» **TASK**
The lines below, from the one containing "Best ideas about Happy Birthday Patty Cake" through the one containing "For Patty Now.", should be set down exactly, with no pictures and nothing else.

» **RAW DATA**
.....
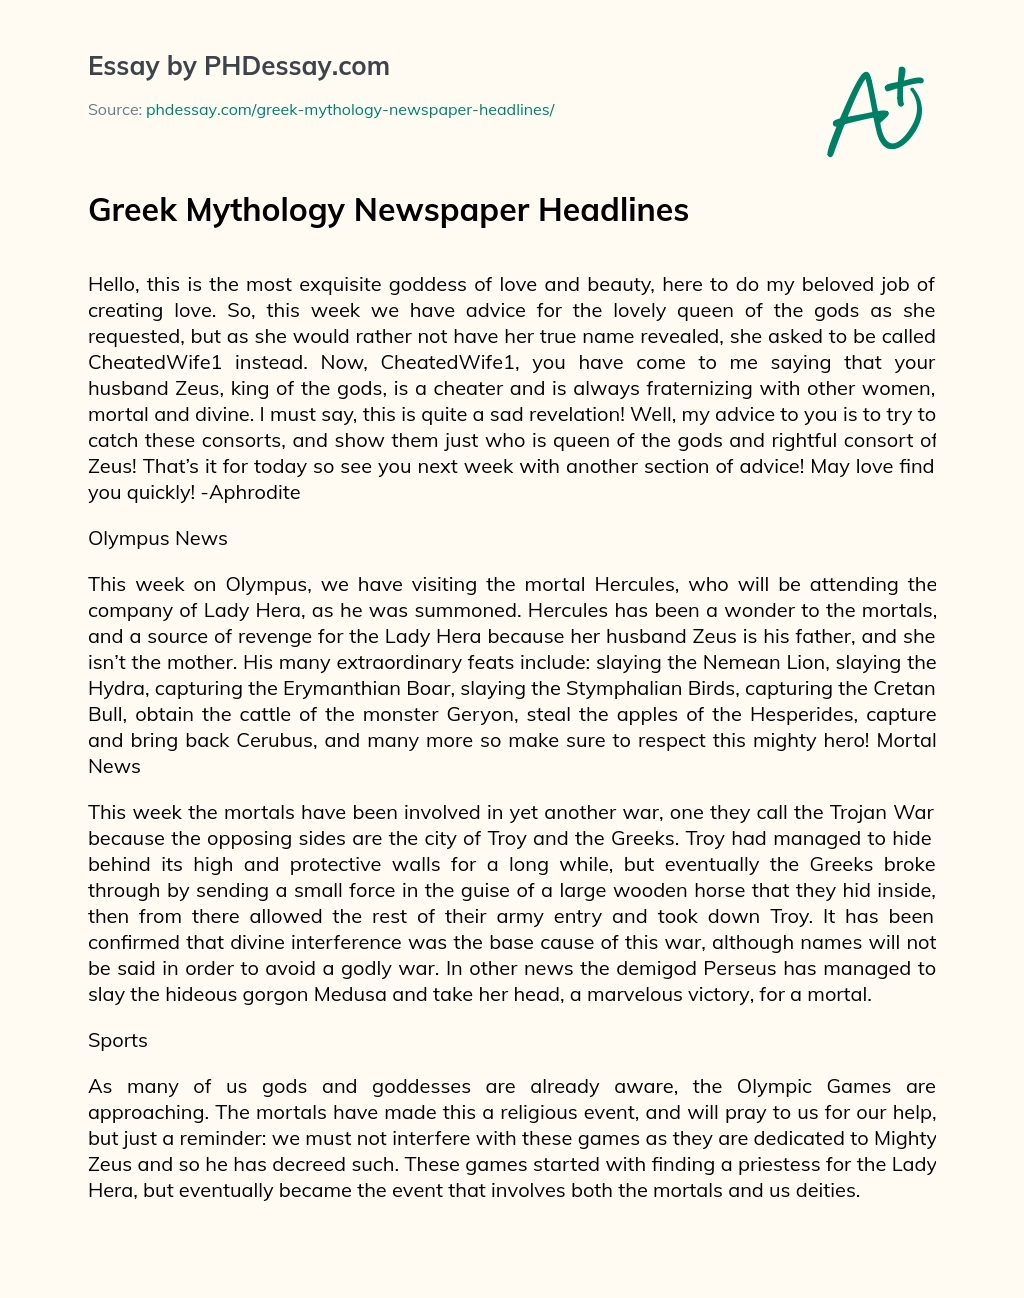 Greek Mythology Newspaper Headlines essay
.....
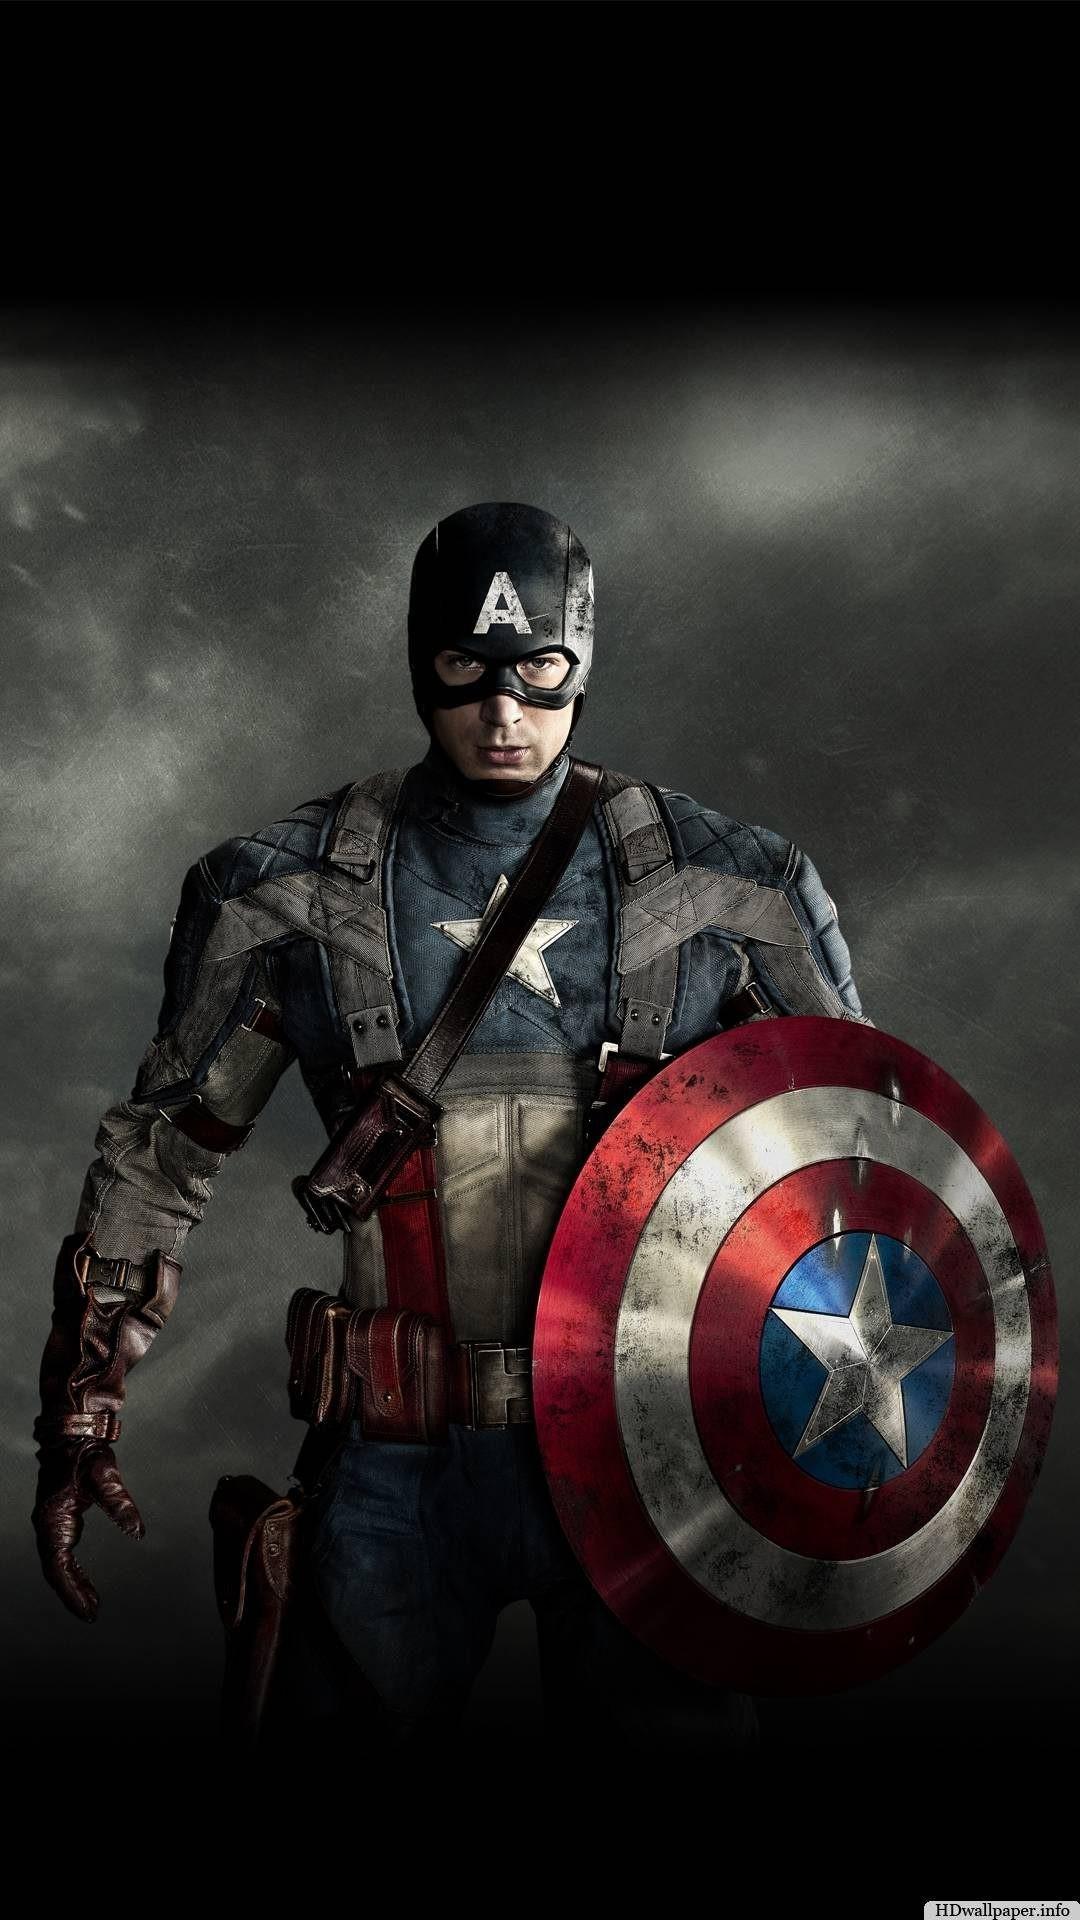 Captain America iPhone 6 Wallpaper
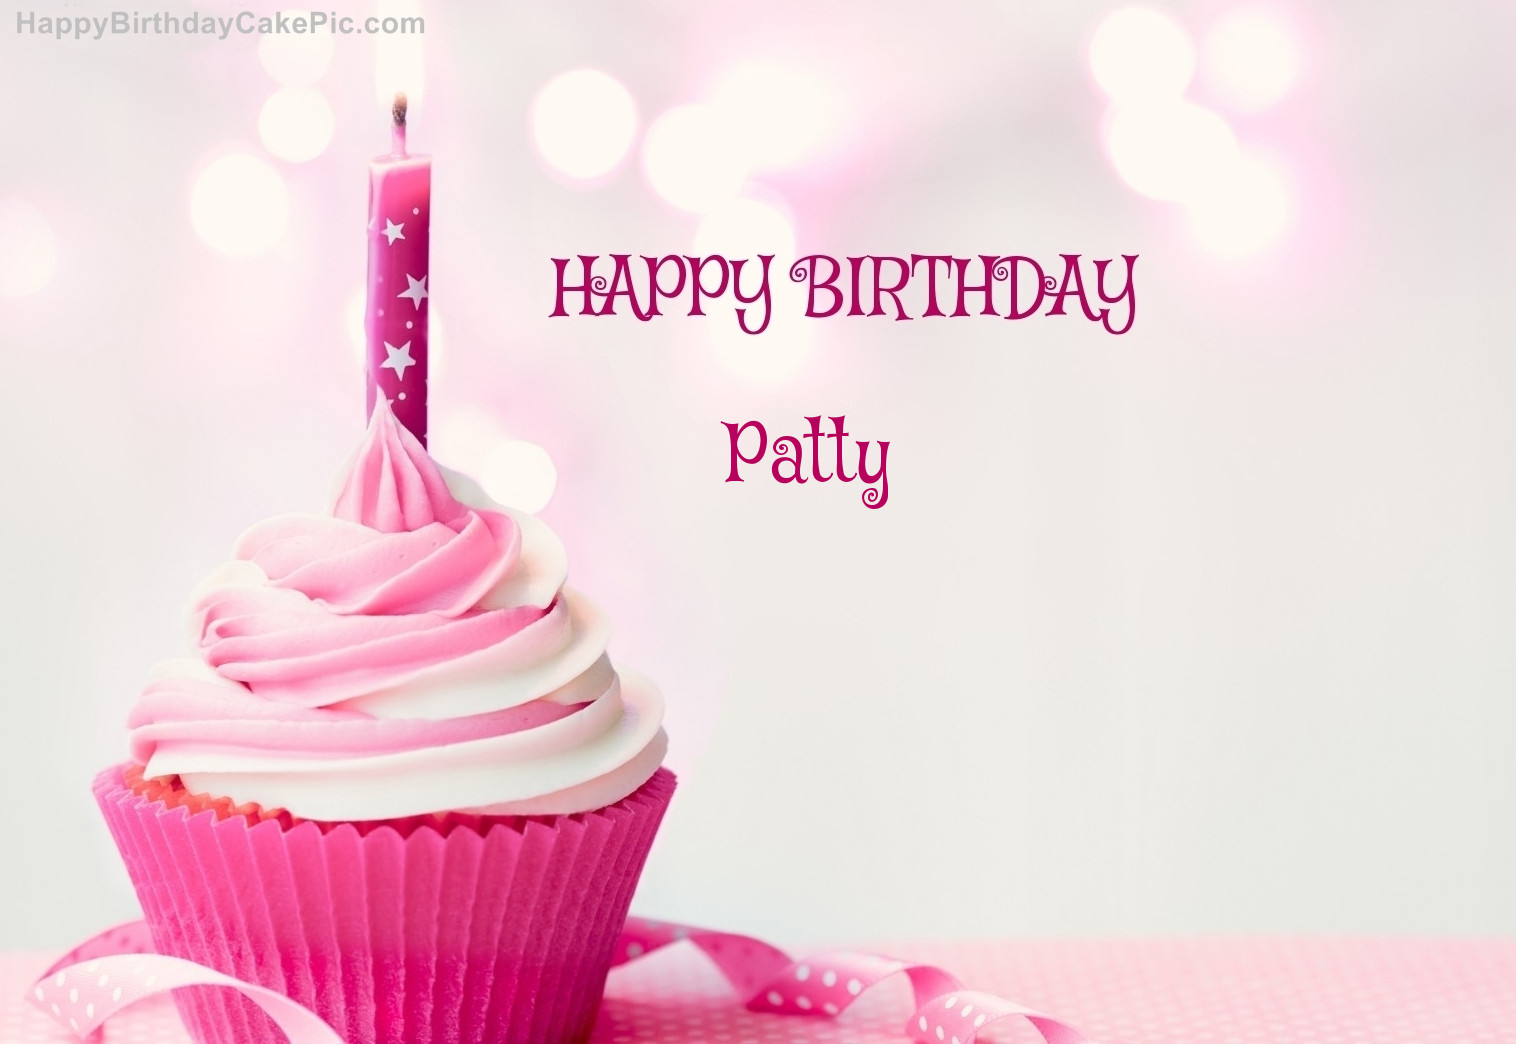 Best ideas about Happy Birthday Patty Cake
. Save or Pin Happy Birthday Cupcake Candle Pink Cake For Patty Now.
.....
» **EXERCISE SOLUTION**
 Best ideas about Happy Birthday Patty Cake
. Save or Pin Happy Birthday Cupcake Candle Pink Cake For Patty Now.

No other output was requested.